Elliott Vanderford, University of Oklahoma, will utilize molecular dynamics simulations to study Amyloid-β formation in the presence of certain lipid molecules under the guidance of Dr. Ulrich Hansmann. Amyloid-β oligomerization and aggregation is implicated in the pathophysiology of Alzheimers disease. An example of such oligomers is Large Fatty Acid-derived Aβ Oligomers (LFAOs) studied in a collaborator's lab (Dr. Rangachari at the University of Southern Mississippi). This project focuses on better understanding the structure and propagation of LFAOs through molecular modeling and HPC simulation.
Xiange Wang, University of Illinois at Urbana-Champaign is pursuing a B.S. in Computer Science and Mathematics. She will be using the Blue Waters supercomputer to discover the deep learning enabled structural knowledge under the mentorship of Xinlian Liu. The main task is to create and train deep learning models which predict structural accuracy using protein structural data in an effort to improve the current state of scoring functions. Xiange will explore the performance of 2D and 1D convolutional neural networks (CNNs) trained on data encoded with the method of applying CNNs to classify decoy structures into GDT-TS score groups.
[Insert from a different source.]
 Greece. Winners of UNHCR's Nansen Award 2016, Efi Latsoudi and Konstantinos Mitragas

Using the method of encoding 3D data into lower-dimensional representations, Xiange will demonstrate that the method allows for decreased CNN training time cost, increased Original 3D model rendering resolutions, and inclusive number of data channels when compared to purely volumetric approaches.
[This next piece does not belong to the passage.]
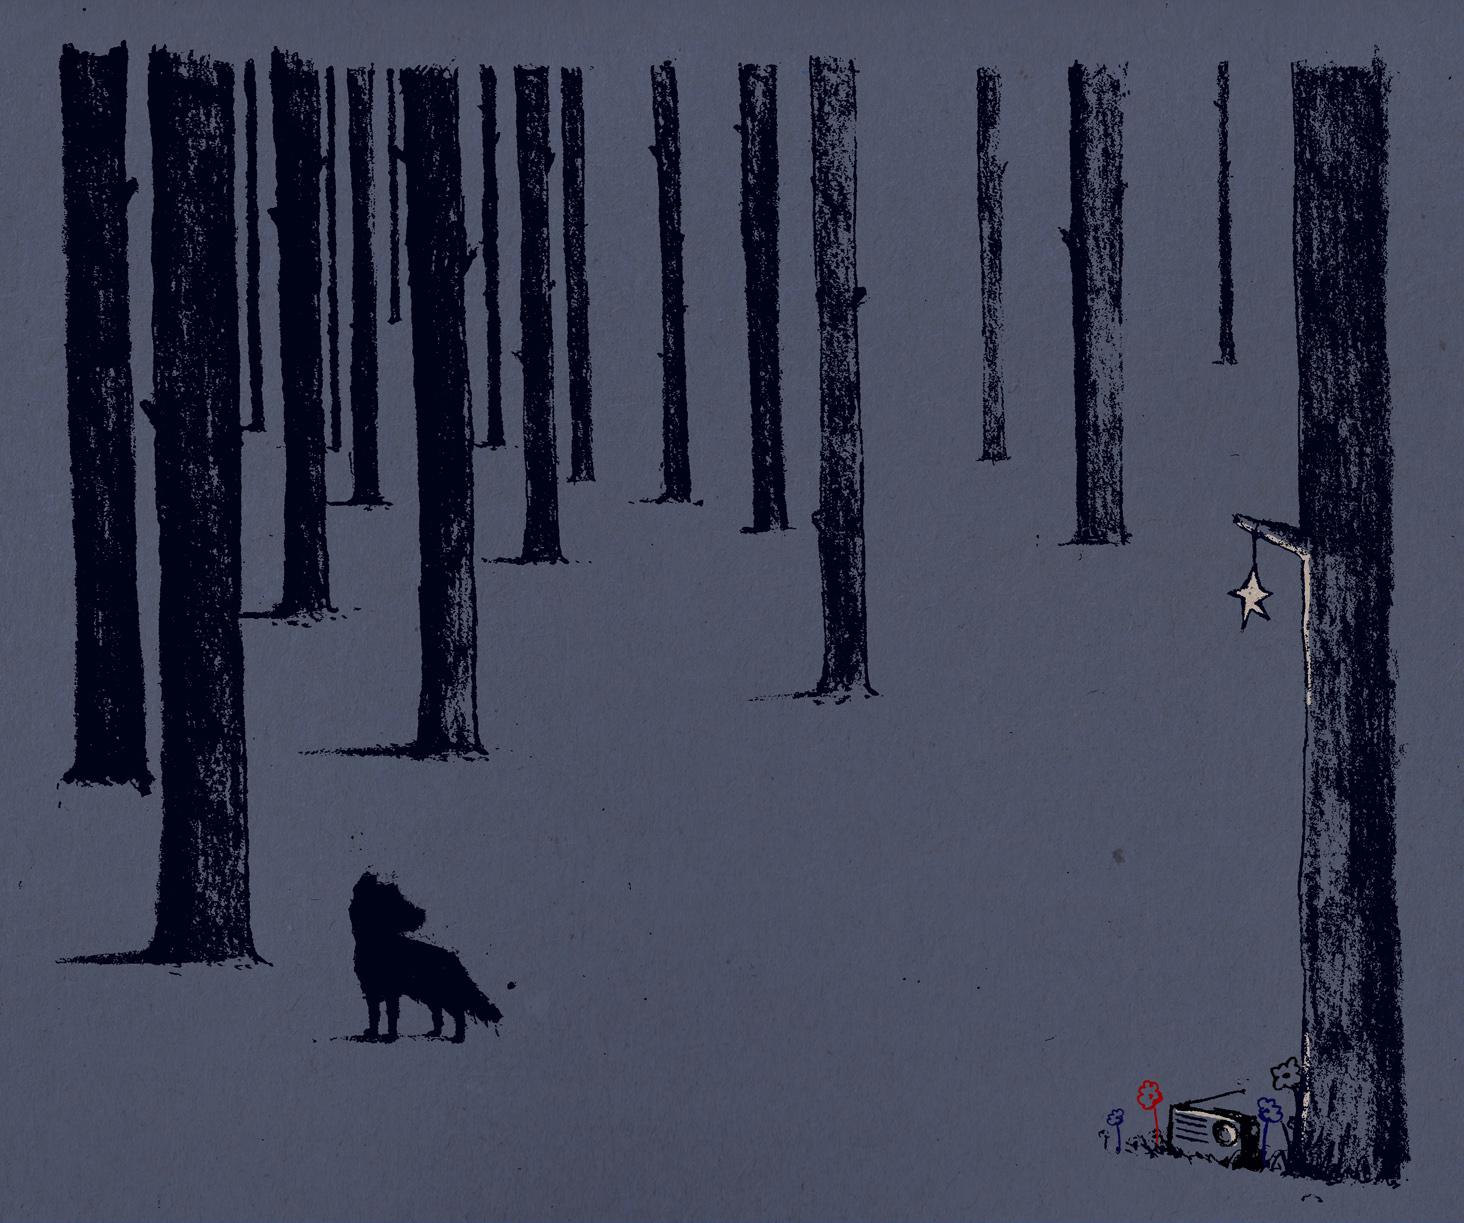 Album artwork by Jacob Stack.

Hanjue Zhu, University of Chicago, will study cosmic reionization. Because of limited observational data, theoretical modeling and numerical simulations play a large part in reionization studies. Computational performance at petascale matches well the need for a realistic reionization simulation. With the help of supercomputers, substantial progress can be expected in the next couple of years. Hanjue will be analyzing the simulation results from the "Cosmic Reionization on Computers" project. The specific work includes accessing simulation snapshots, identifying all resolved dark matter halos, extracting their properties from the simulations, building up histories of individual halos by locating them at different simulation snapshots, and measuring the distributions of ionized and neutral gas in halos of various masses at different simulation epochs.